Novel discovery approach:
Rather than starting with a target-led drug discovery process, Alchemab identified common antibodies unique to individuals resilient to Alzheimer's disease, which led to the identification of CD33 as a target. This approach inverts traditional discovery processes by using the immune system as a search function to identify the most important disease-modifying targets .

Therapeutic implications:
The antibody's novel mechanism of action affects microglial cell function broadly, offering potential advantages in addressing Alzheimer's disease through a different pathway than existing therapies .

How are machine learning methods transforming antibody research and development?

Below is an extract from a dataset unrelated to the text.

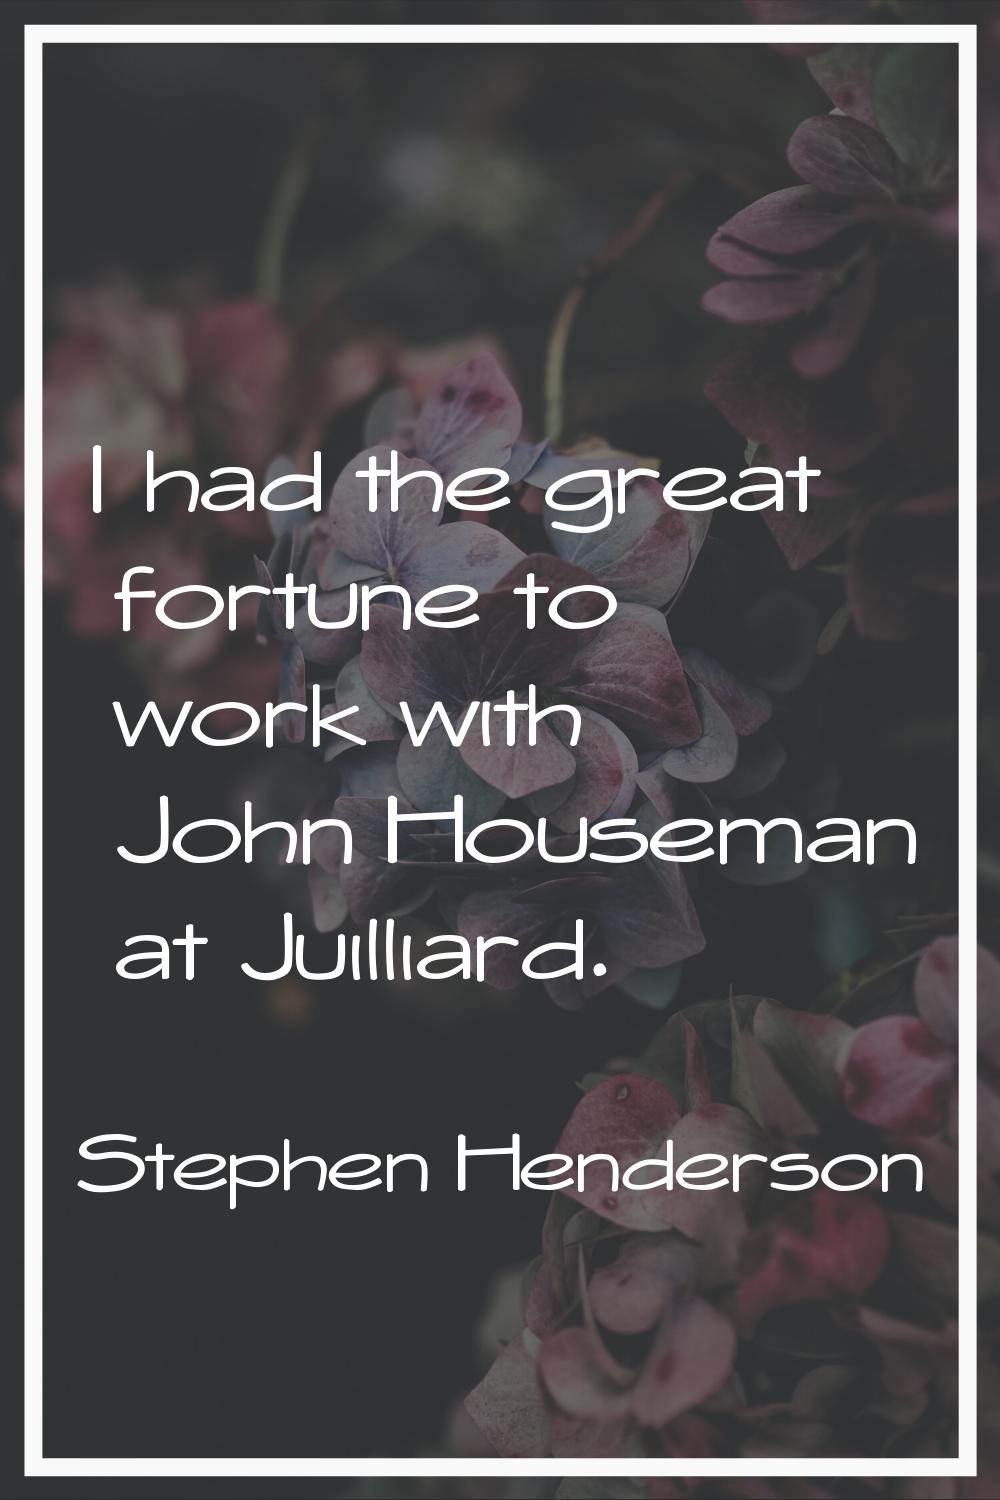 I had the great fortune to work with John Houseman at Juilliard.
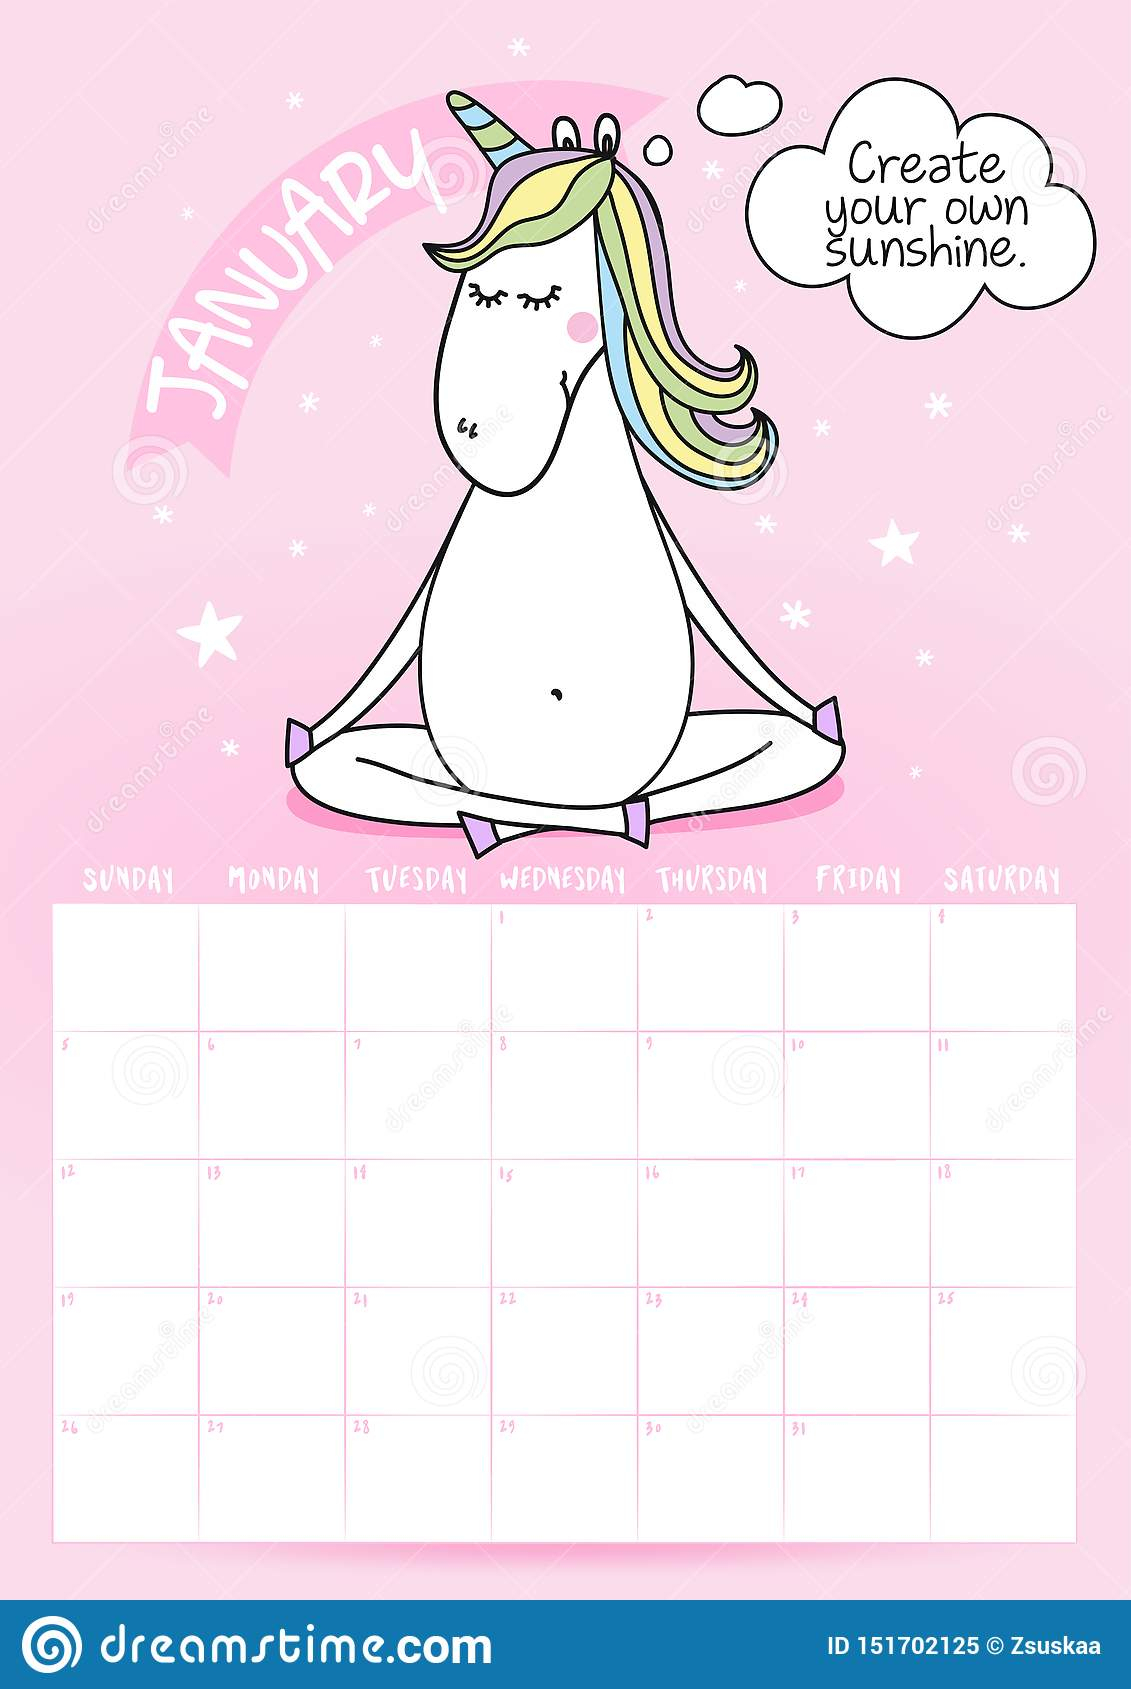 2020 January Calendar With Calligraphy Phrase And Unicorn

Machine learning is revolutionizing antibody research:

Active learning for antibody-antigen binding prediction:
Recent research has developed active learning strategies for antibody-antigen binding prediction in library-on-library settings. These approaches address the challenge of out-of-distribution prediction, where models must predict interactions for antibodies and antigens not represented in training data .

Methodology and results:

• Starting with a small labeled dataset and iteratively expanding it

• Evaluating fourteen novel active learning strategies

• Identifying three algorithms that significantly outperformed random sampling

• Achieving reduction in required antigen-antibody measurements for accurate prediction

Future implications:
These computational approaches could substantially reduce experimental costs and accelerate antibody development by focusing experimental resources on the most informative measurements .

What are the key considerations for selecting antibodies for reproducible research?

For reproducible antibody-based research:

• Validation status: Select antibodies with comprehensive validation data in the specific application and sample type of interest

• Reporting standards: Document complete antibody information:

  • Catalog number and vendor

  • Clone ID for monoclonals

  • Host species and isotype

  • Target protein and species reactivity

  • RRID (Research Resource Identifier)

• Protocol standardization: Maintain detailed records of:

  • Dilution factors and incubation conditions

  • Sample preparation methods

  • Detection systems and reagents

  • Control samples used

• Independent validation: Confirm key findings with:

  • Alternative antibodies targeting the same protein

  • Complementary techniques

  • Genetic approaches (knockout/knockdown)

These practices are essential for addressing the reproducibility challenges in antibody-based research and ensuring scientific rigor.